[[ Source material open ]]
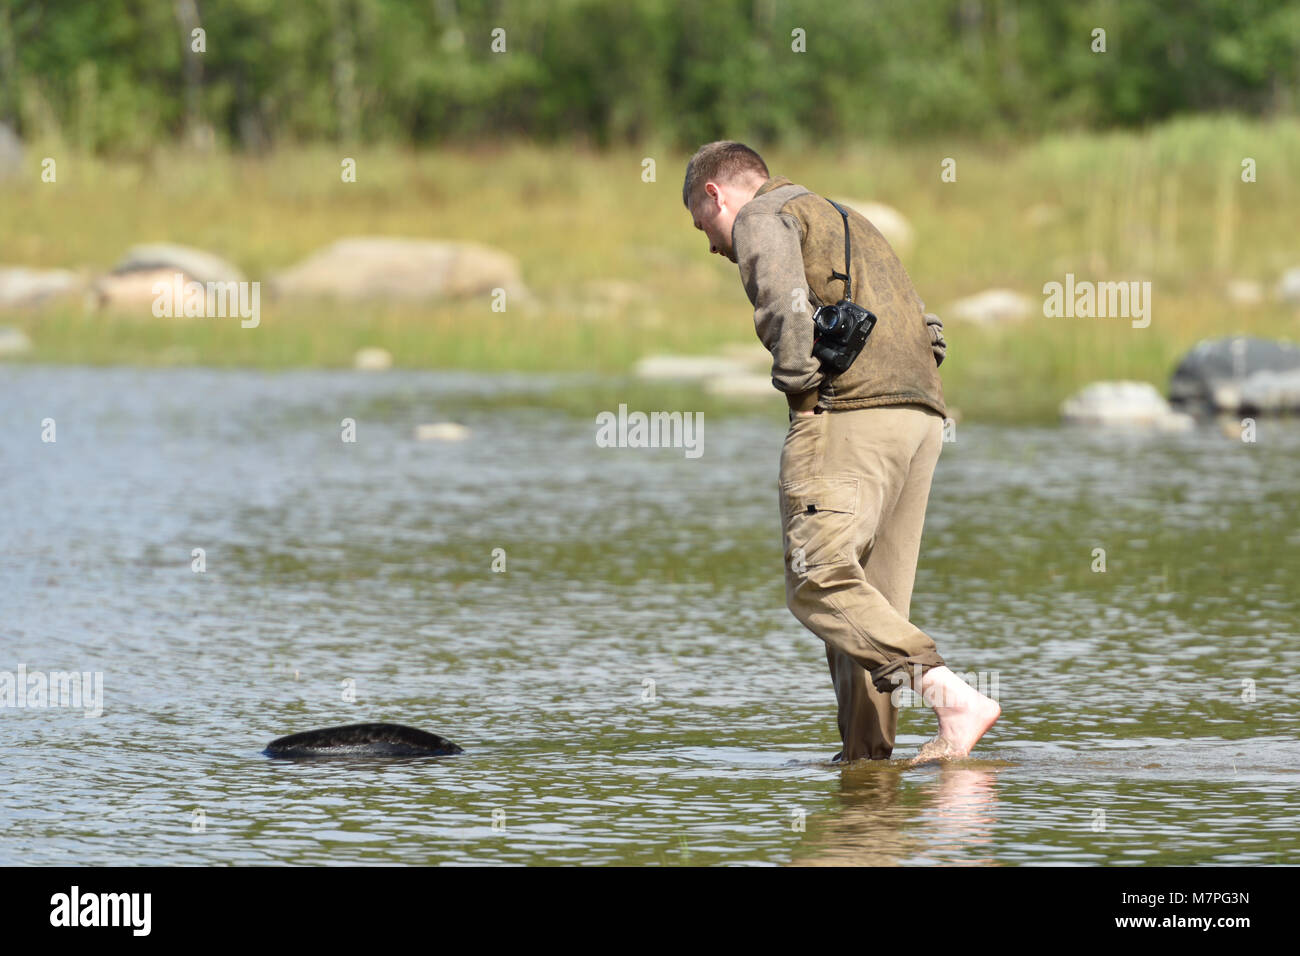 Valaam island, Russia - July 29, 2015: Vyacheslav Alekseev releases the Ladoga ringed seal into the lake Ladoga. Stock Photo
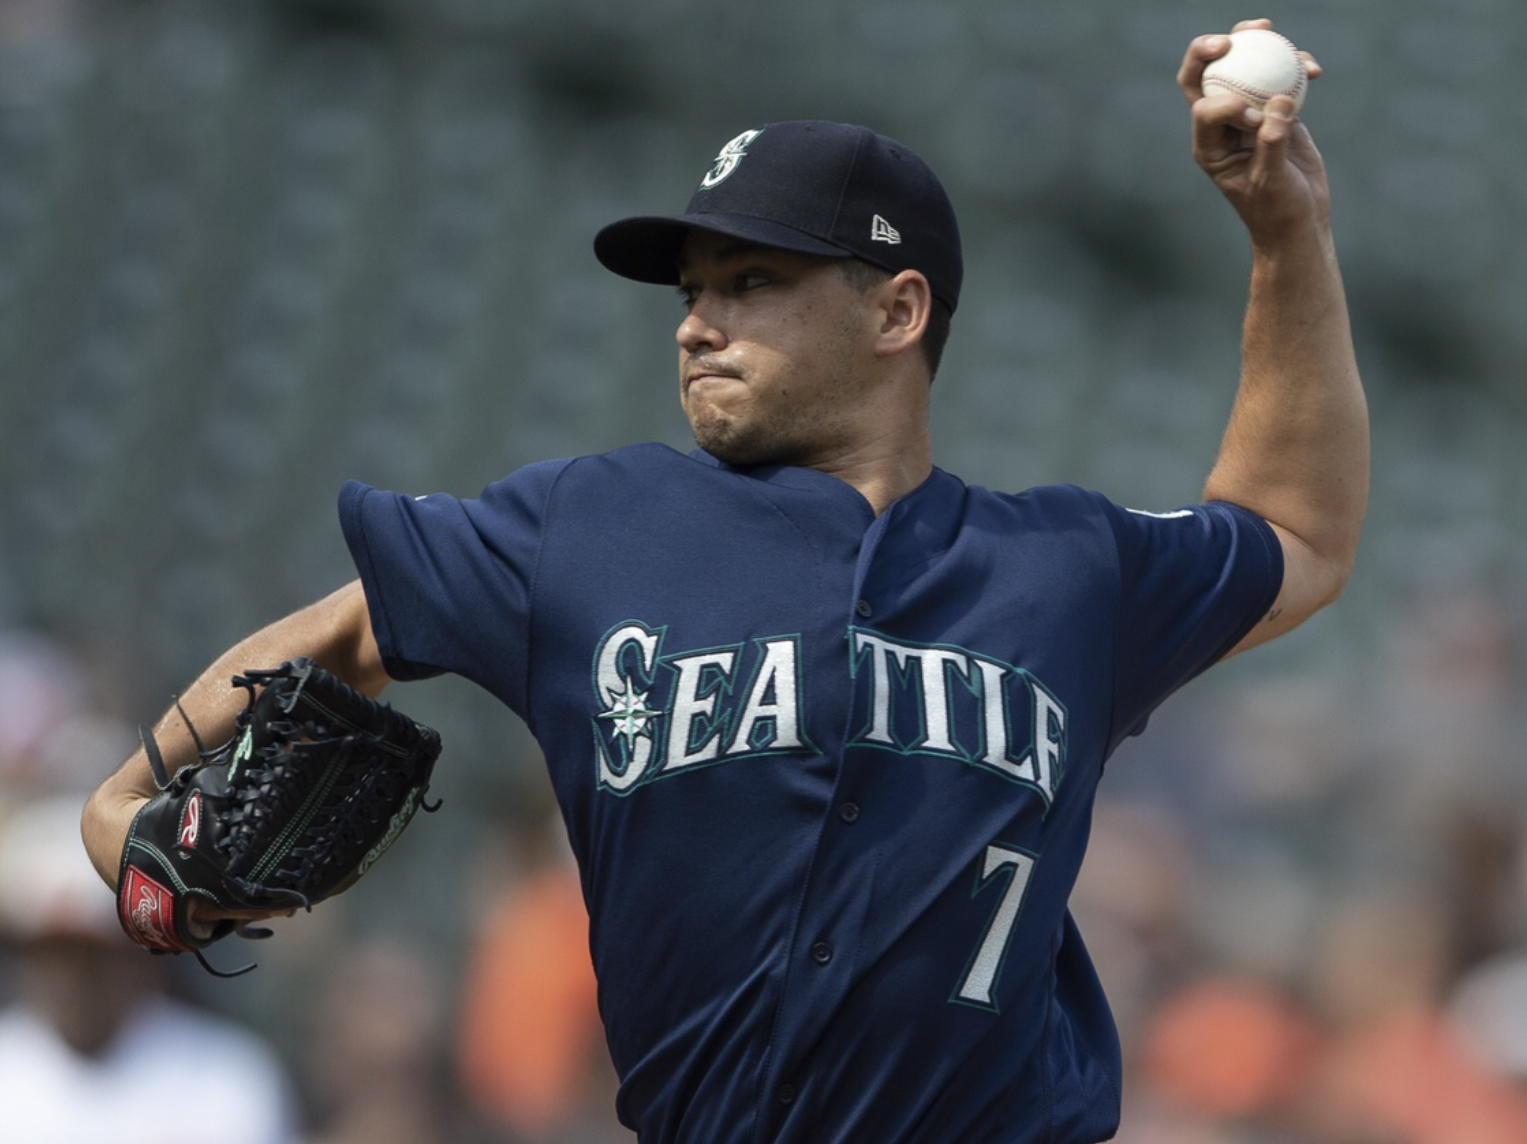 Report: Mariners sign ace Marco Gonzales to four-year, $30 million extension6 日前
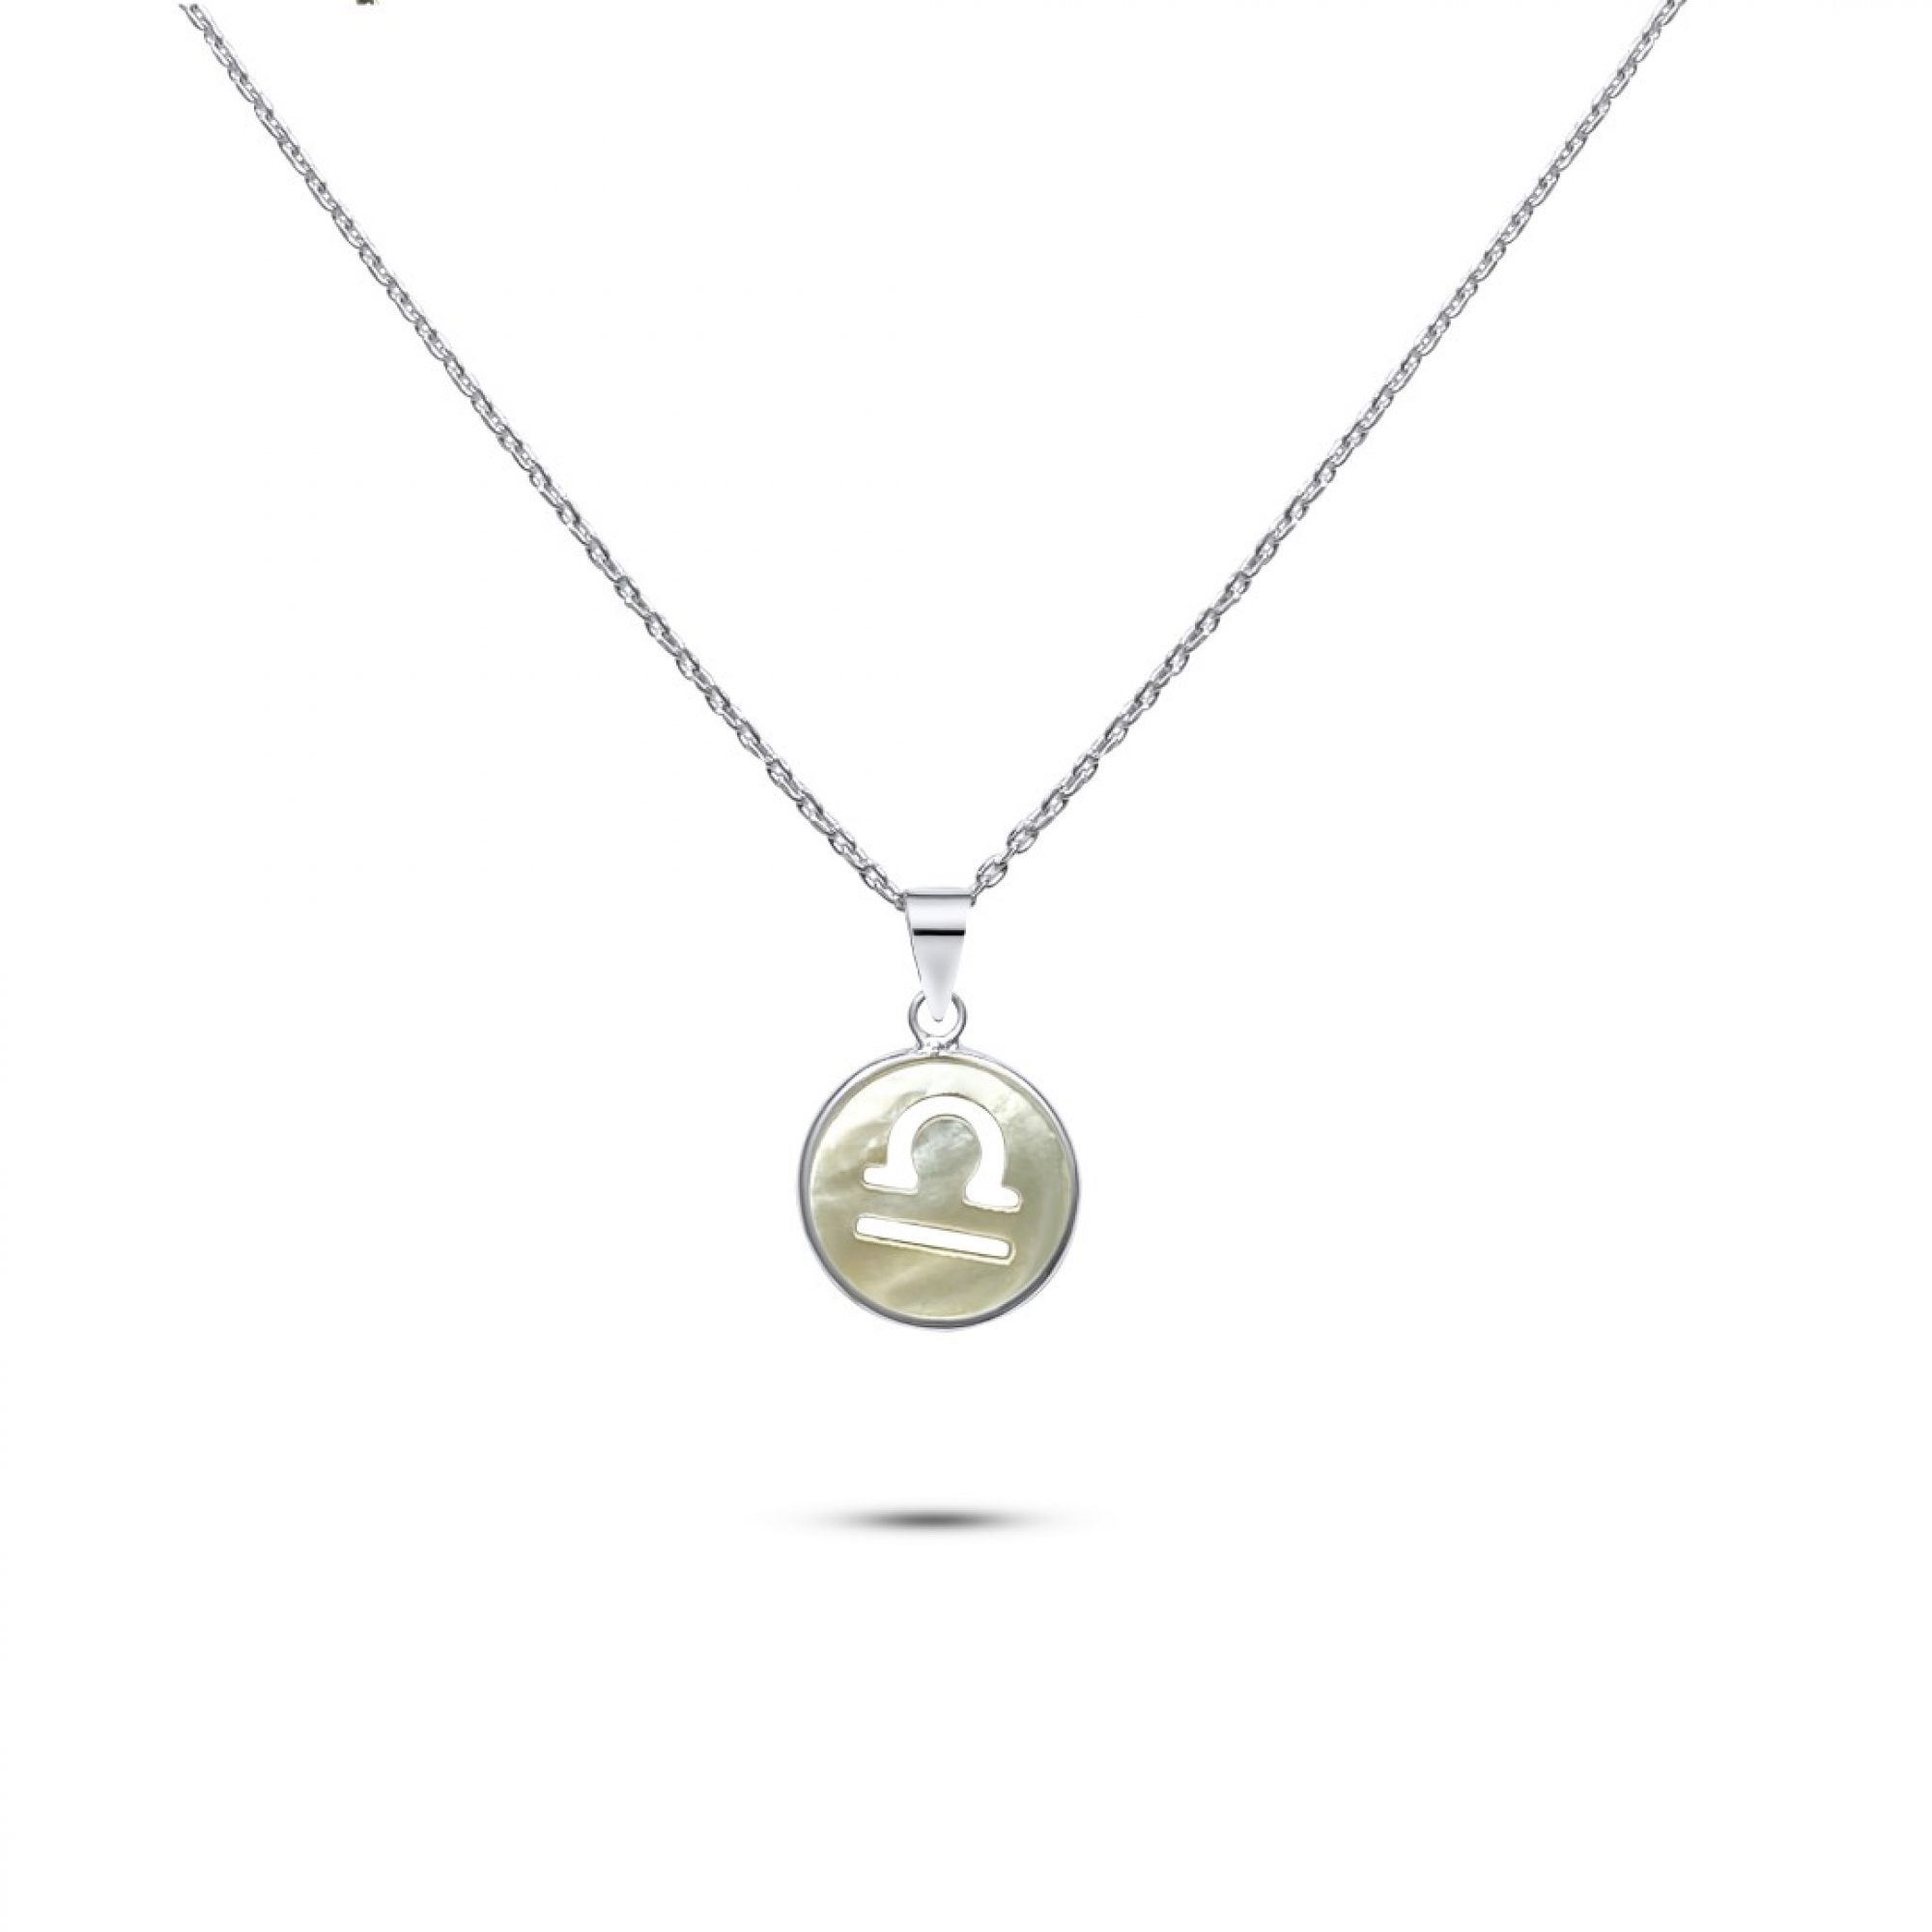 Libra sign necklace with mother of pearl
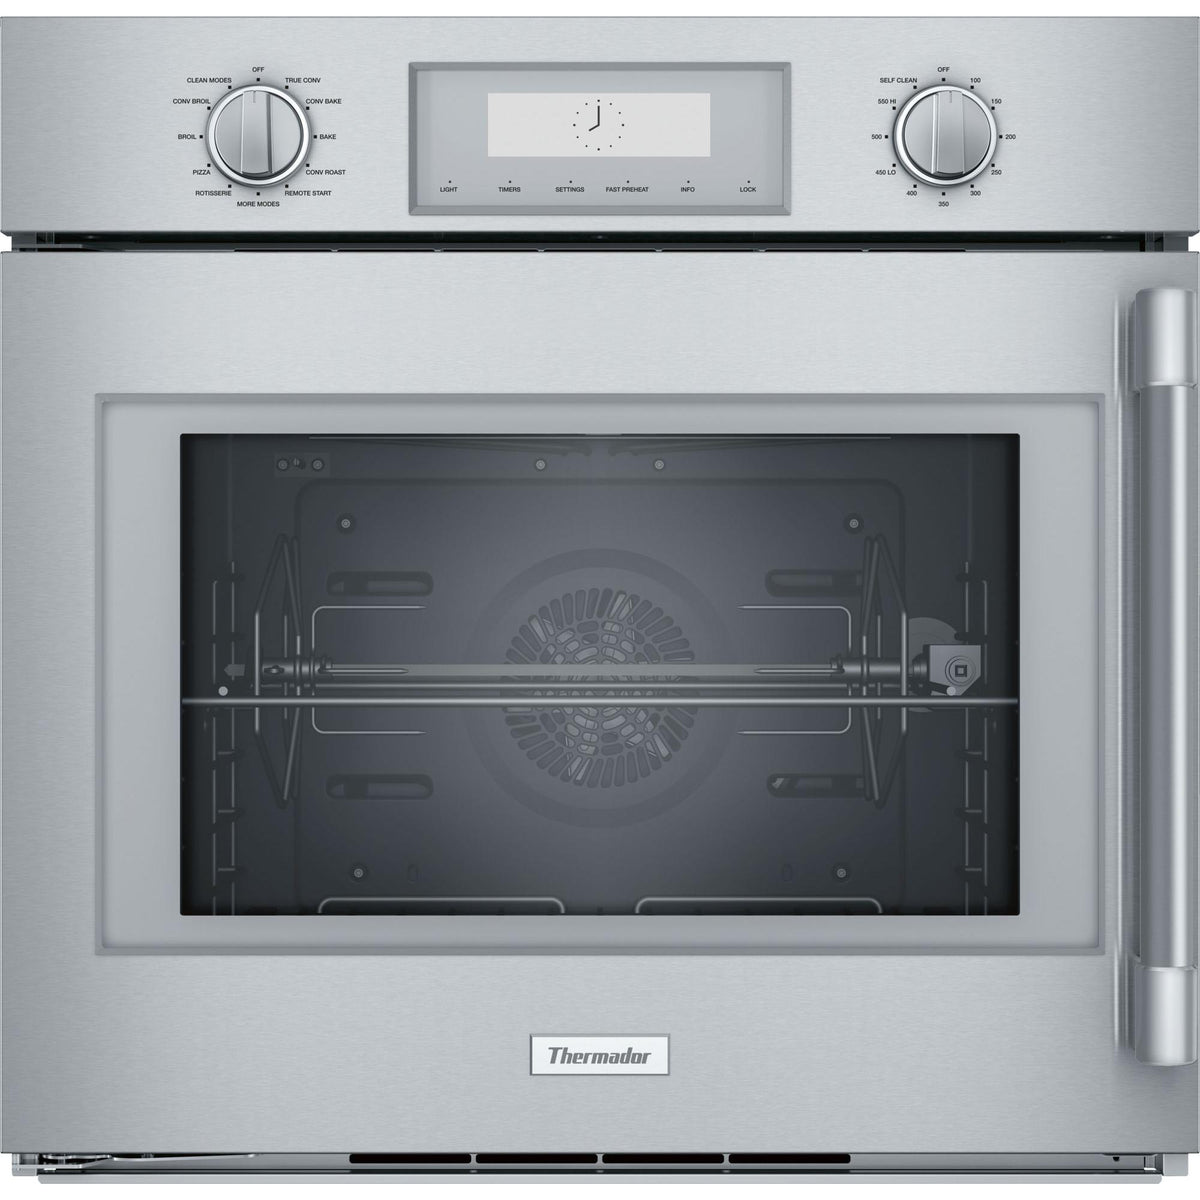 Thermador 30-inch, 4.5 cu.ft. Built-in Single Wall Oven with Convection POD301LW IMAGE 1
[[ Source material closed ]]
Exercise goal → Omit every picture, then reproduce the rest of the listing exactly.

Answer to this exercise →
 Valaam island, Russia - July 29, 2015: Vyacheslav Alekseev releases the Ladoga ringed seal into the lake Ladoga. Stock Photo
 Report: Mariners sign ace Marco Gonzales to four-year, $30 million extension6 日前
 Libra sign necklace with mother of pearl
 Thermador 30-inch, 4.5 cu.ft. Built-in Single Wall Oven with Convection POD301LW IMAGE 1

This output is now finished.